When August arrived in the United States, he got a job as a gardener on a Pennsylvanian farm. He had an affair with a Swiss woman named Louise Notz, and she became pregnant. August denied being the child's father, but was married to the woman soon after. He went west on horseback, but had his horse stolen by Native Americans. He ended up in San Francisco, and his family eventually joined him there. By this time, he had three sons and a daughter. After his children grew up, he began traveling and collecting moths and butterflies.

Kusche traveled to the islands of the Pacific Ocean, where he collected moths and butterflies.
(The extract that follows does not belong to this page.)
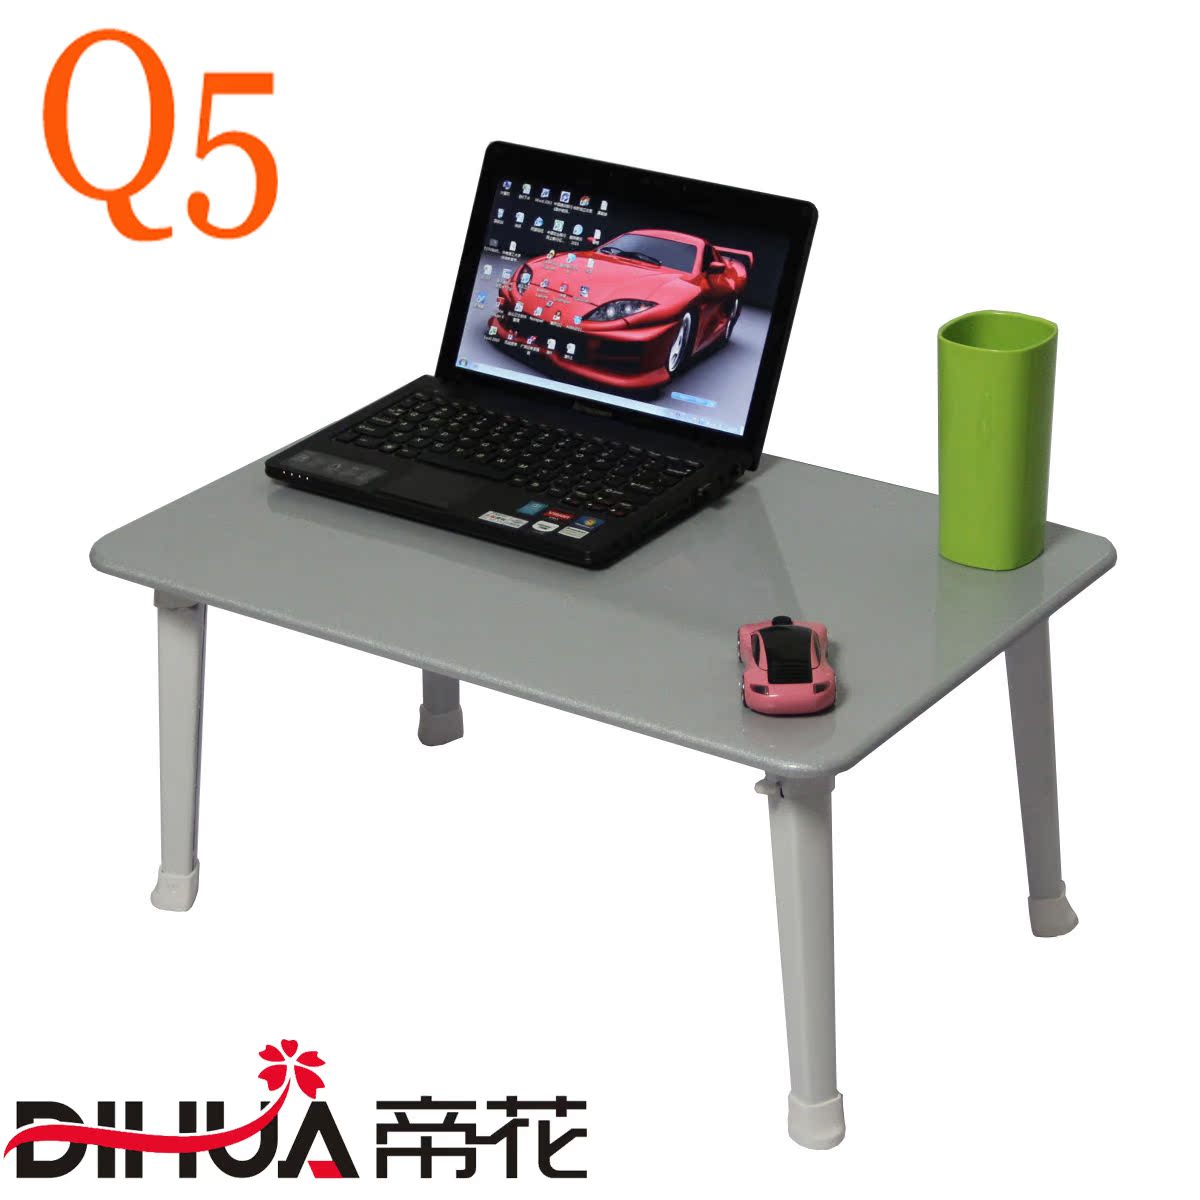 帝花Q5 笔记本电脑桌 床上电脑桌 床上折叠电脑台 学生桌 小桌子
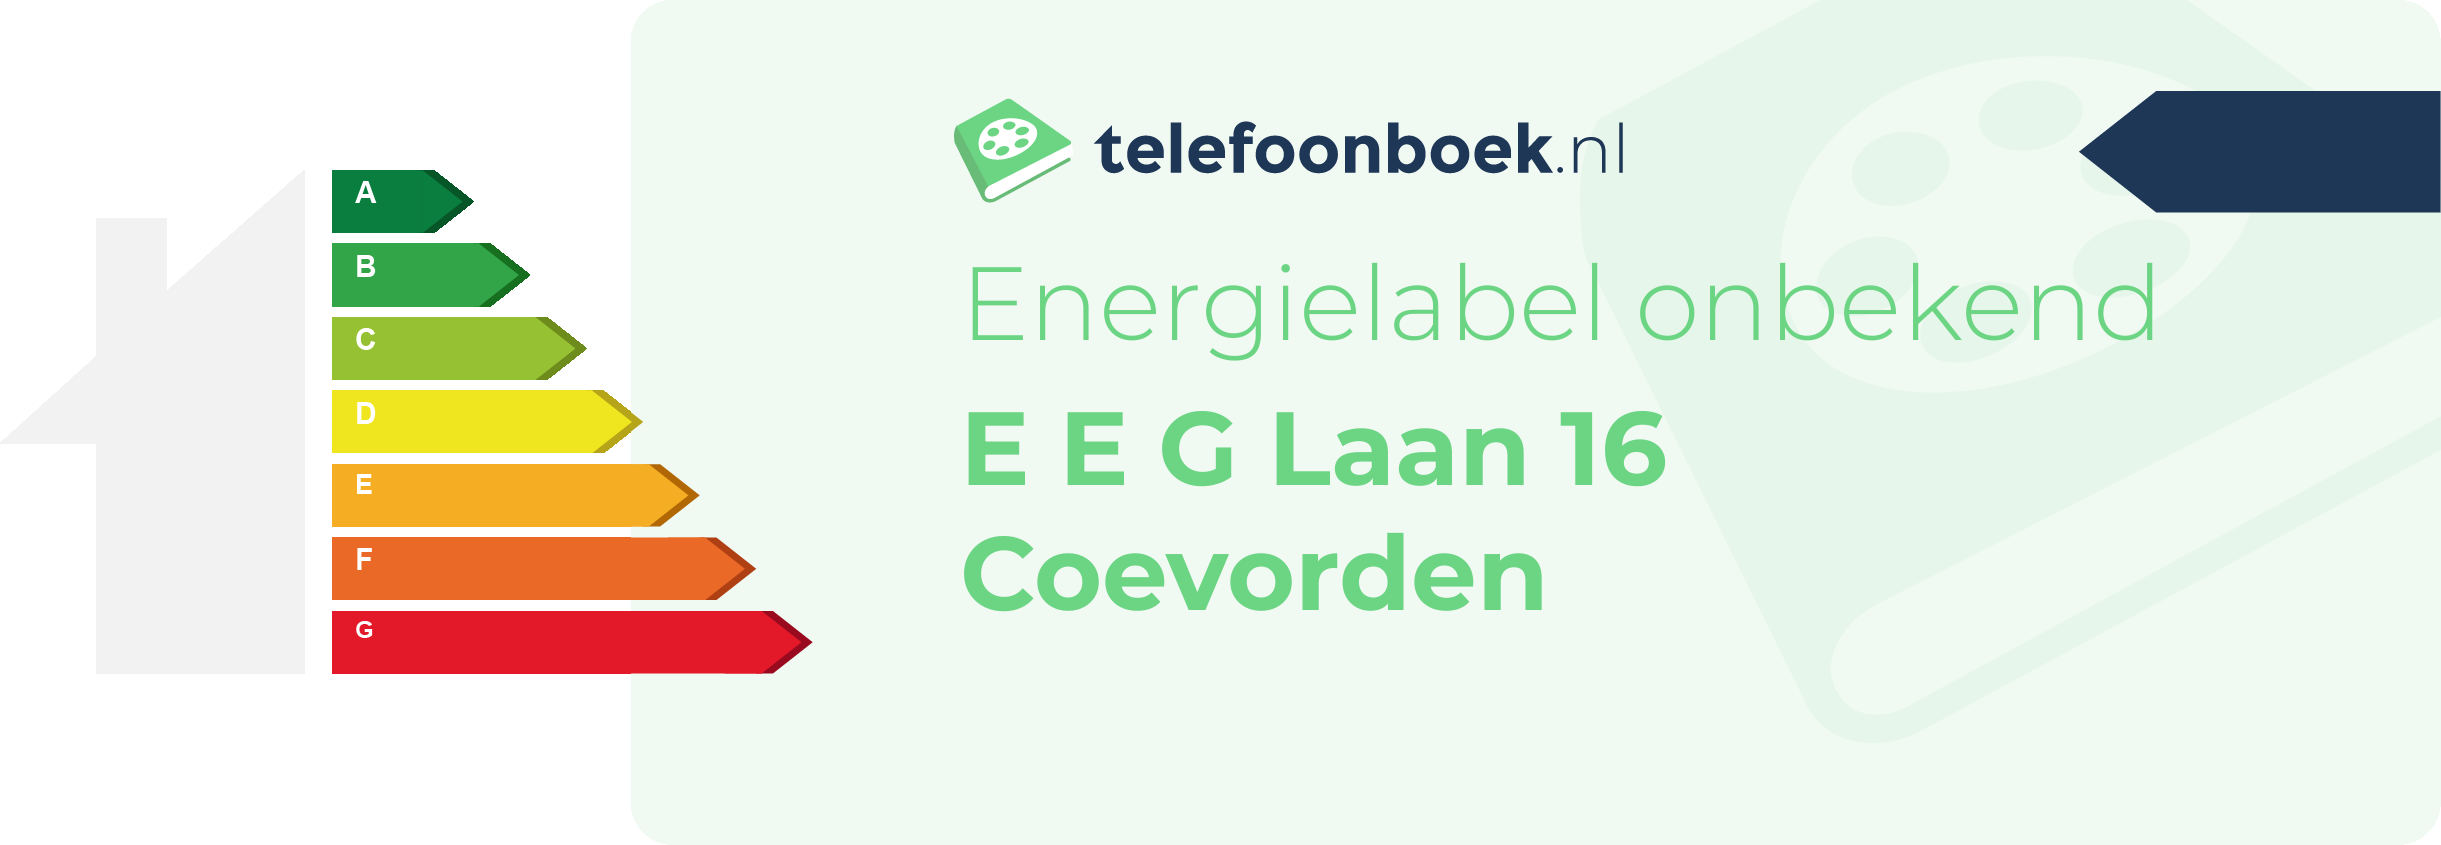 Energielabel E E G Laan 16 Coevorden

There, he caught a fever that nearly killed him. He was picked up by a government ship in New Guinea and was unconscious until he awoke in a hospital in San Francisco. He had hearing loss and lost all of his teeth. His doctor told him not to take any more trips to Alaska, which helped his condition. In 1924, Kusche lived in San Diego. He had taken a trip to Alaska just before this date. He worked as a gardener in California for nine years (1915–1924), where he died of stomach cancer.

== Notable discoveries ==
In 1928, Kusche donated 164 species of Lepidoptera he collected on Kauai between 1919 and 1920 to the Bishop Museum. Of those species, 55 had not previously been recorded on Kauai and 6 were newly discovered, namely Agrotis stenospila, Euxoa charmocrita, Plusia violacea, Nesamiptis senicula, Nesamiptis proterortha, and Scotorythra crocorrhoa.

The Essig Museum of Entomology listed 26 species collected by Kusche from California, Arizona, Alaska, and the Solomon Islands.